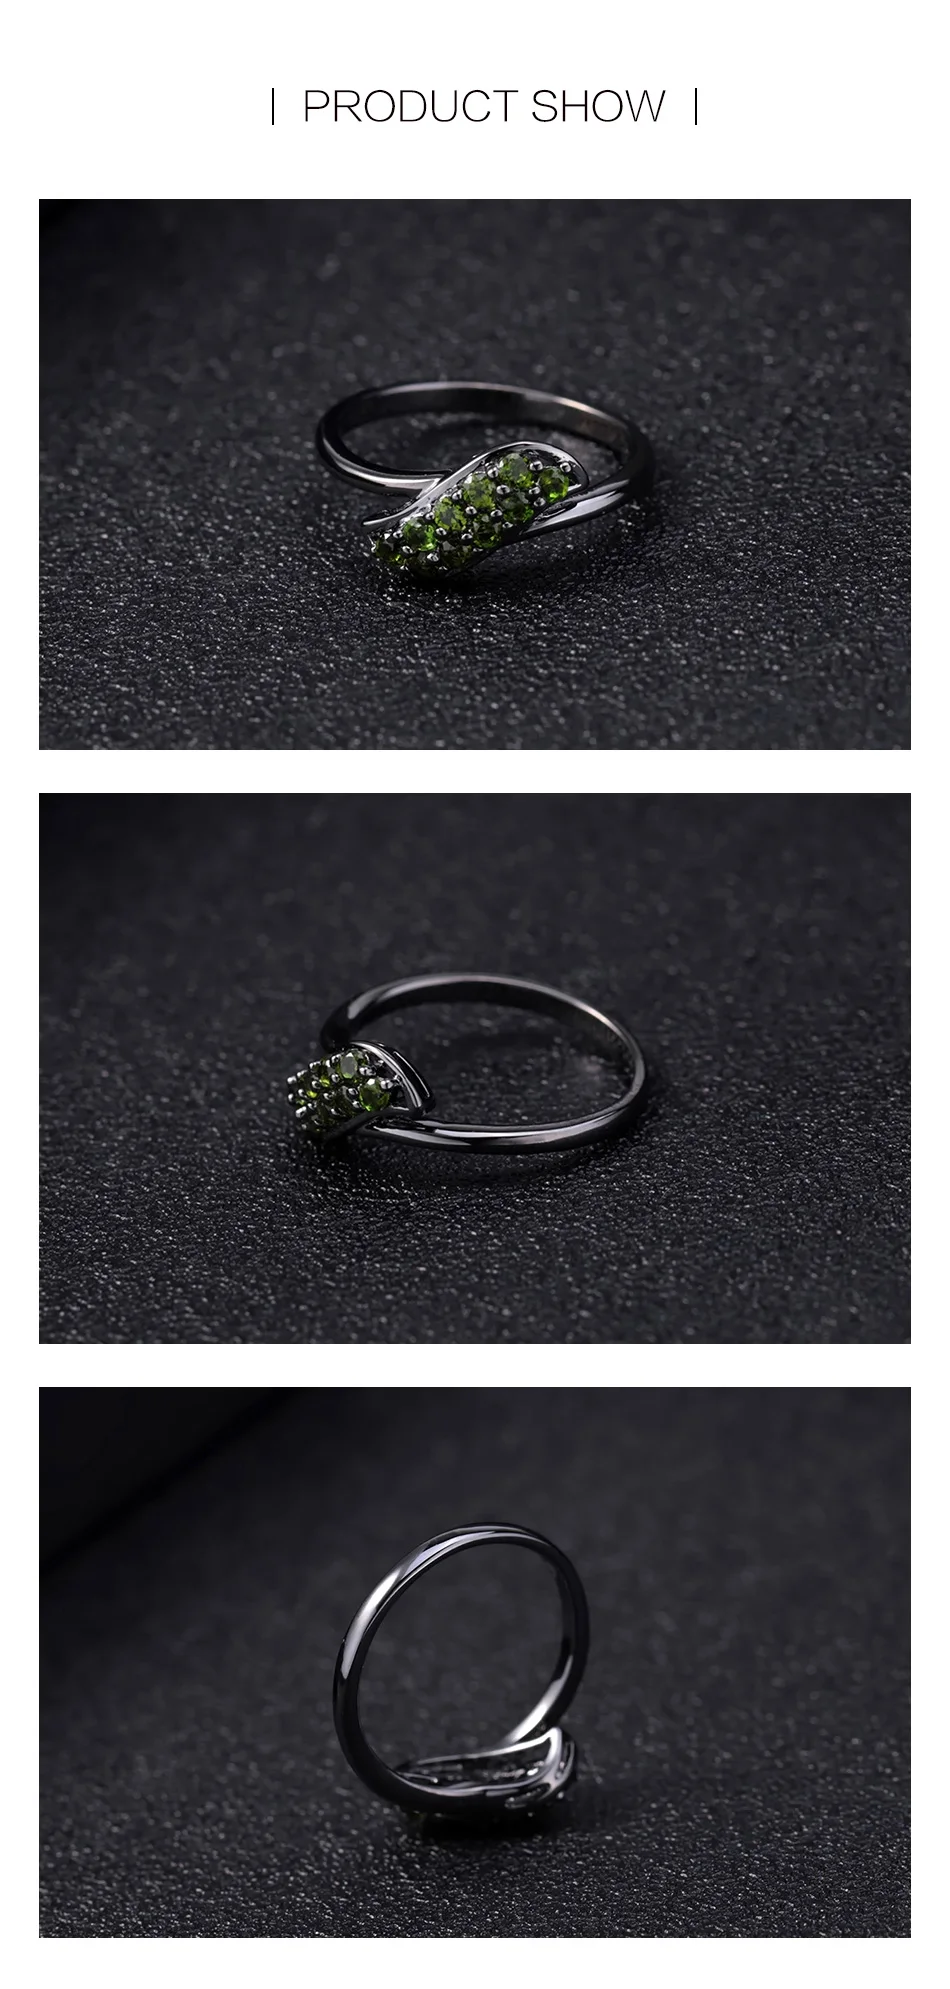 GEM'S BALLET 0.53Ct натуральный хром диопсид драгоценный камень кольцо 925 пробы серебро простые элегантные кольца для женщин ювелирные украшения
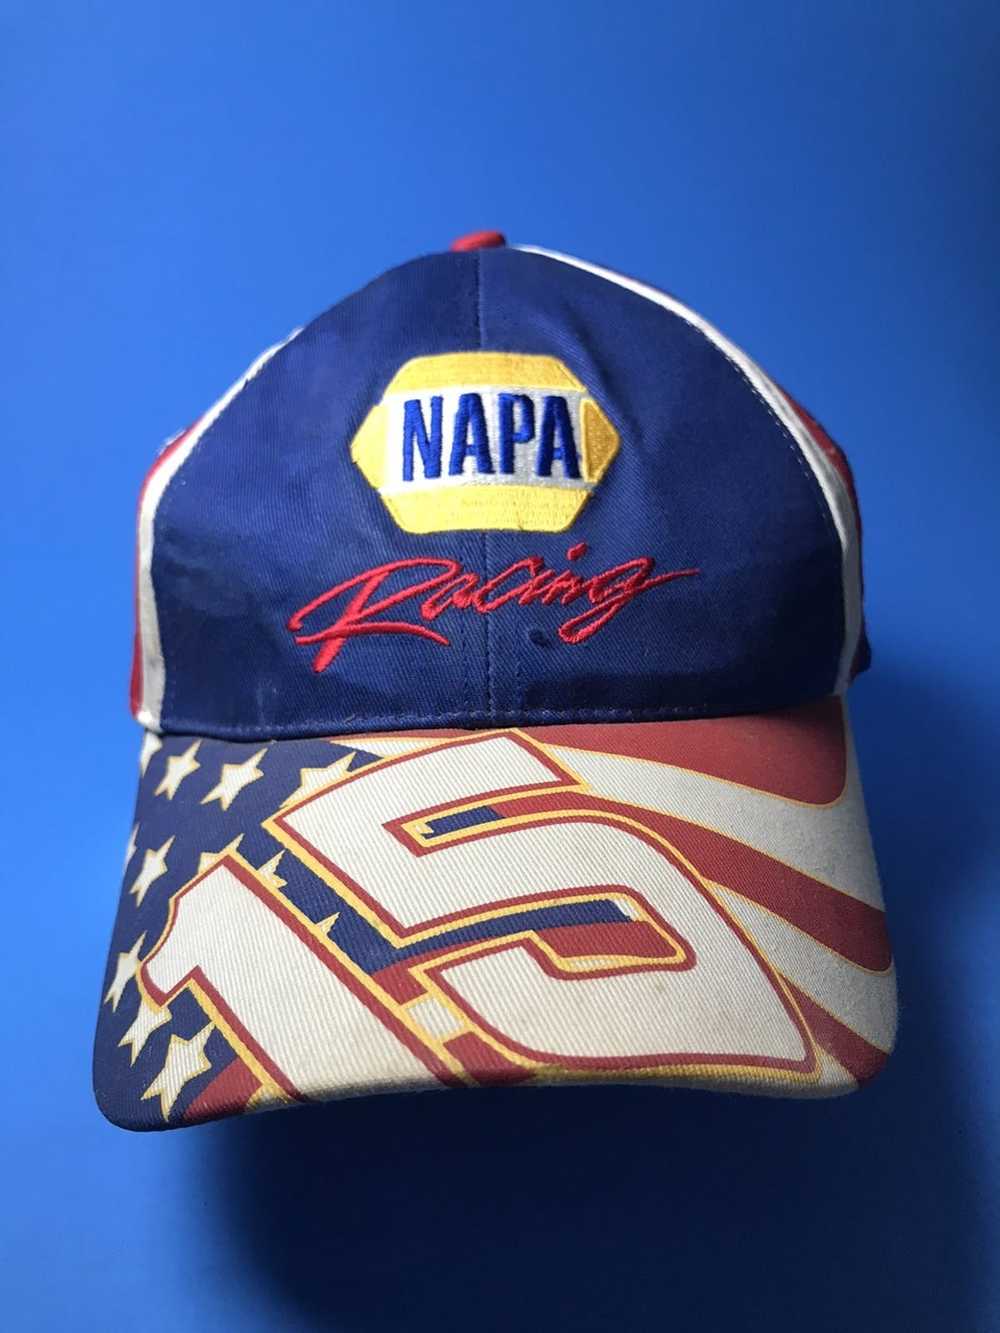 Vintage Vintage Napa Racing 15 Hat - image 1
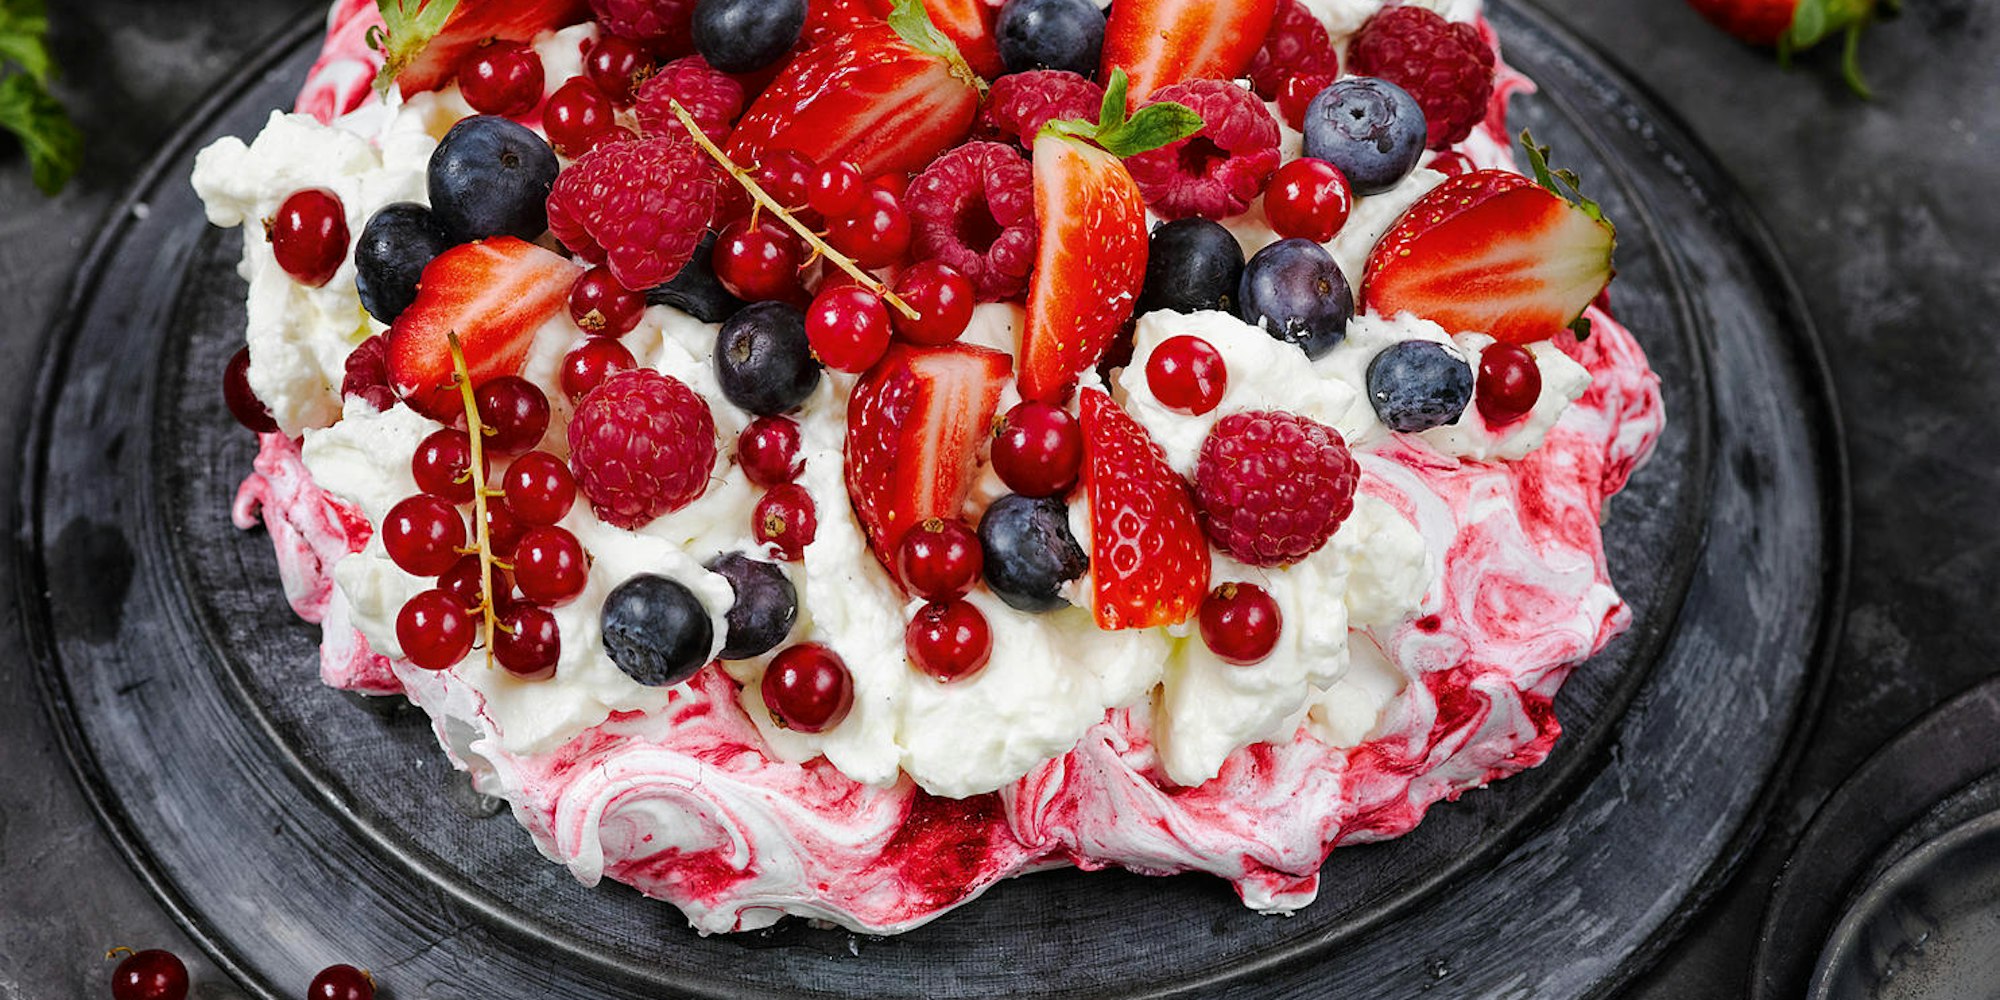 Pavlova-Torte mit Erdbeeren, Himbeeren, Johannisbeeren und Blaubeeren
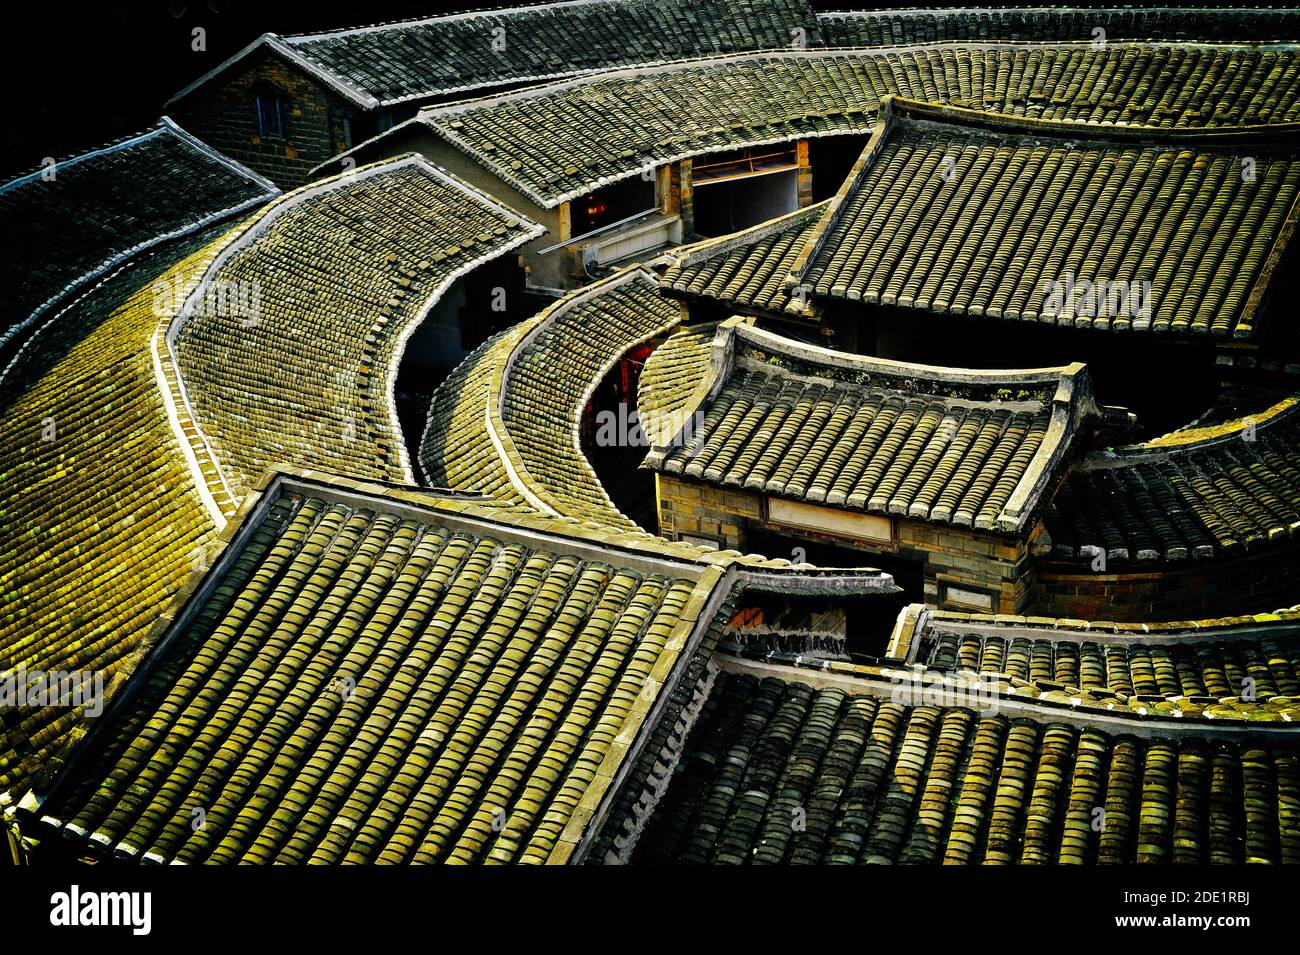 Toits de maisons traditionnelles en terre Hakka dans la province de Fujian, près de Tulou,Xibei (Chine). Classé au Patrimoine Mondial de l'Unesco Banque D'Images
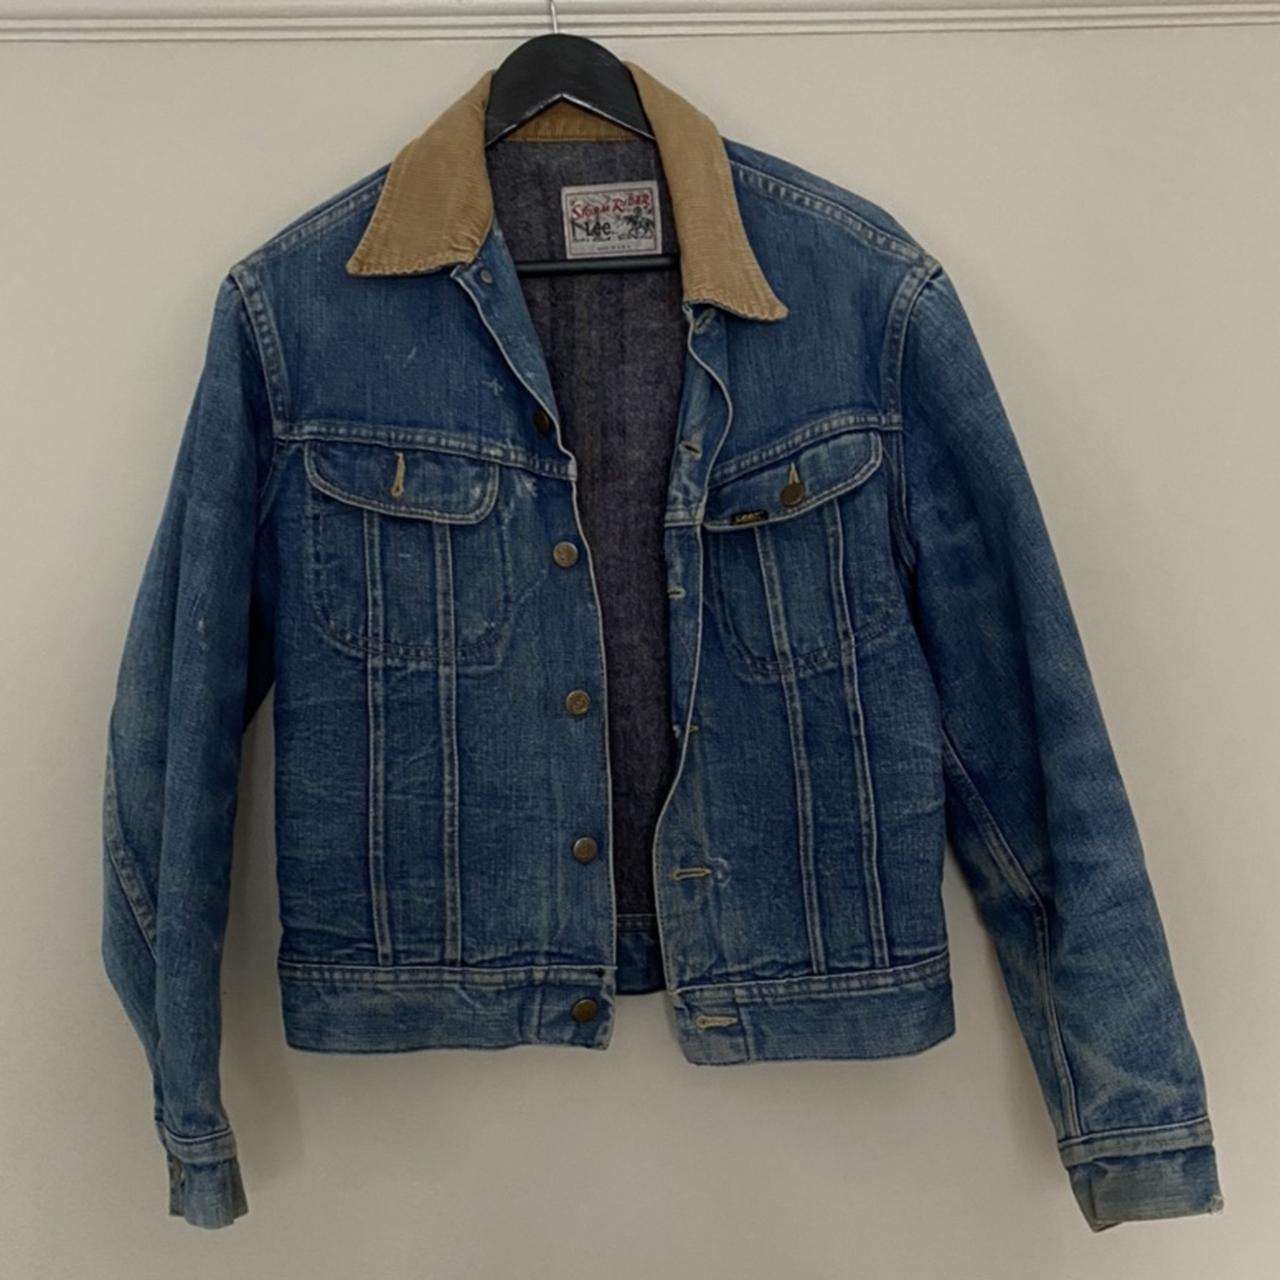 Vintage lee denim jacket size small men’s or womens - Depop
* * * * * * *
# Instructions to follow:
The listing above must be printed again exactly, minus its pictures.

# Response:
 GEM'S BALLET 0.53Ct натуральный хром диопсид драгоценный камень кольцо 925 пробы серебро простые элегантные кольца для женщин ювелирные украшения
 Vintage Vintage Napa Racing 15 Hat - image 1
 Pavlova-Torte mit Erdbeeren, Himbeeren, Johannisbeeren und Blaubeeren
 Toits de maisons traditionnelles en terre Hakka dans la province de Fujian, près de Tulou,Xibei (Chine). Classé au Patrimoine Mondial de l'Unesco Banque D'Images
 Vintage lee denim jacket size small men’s or womens - Depop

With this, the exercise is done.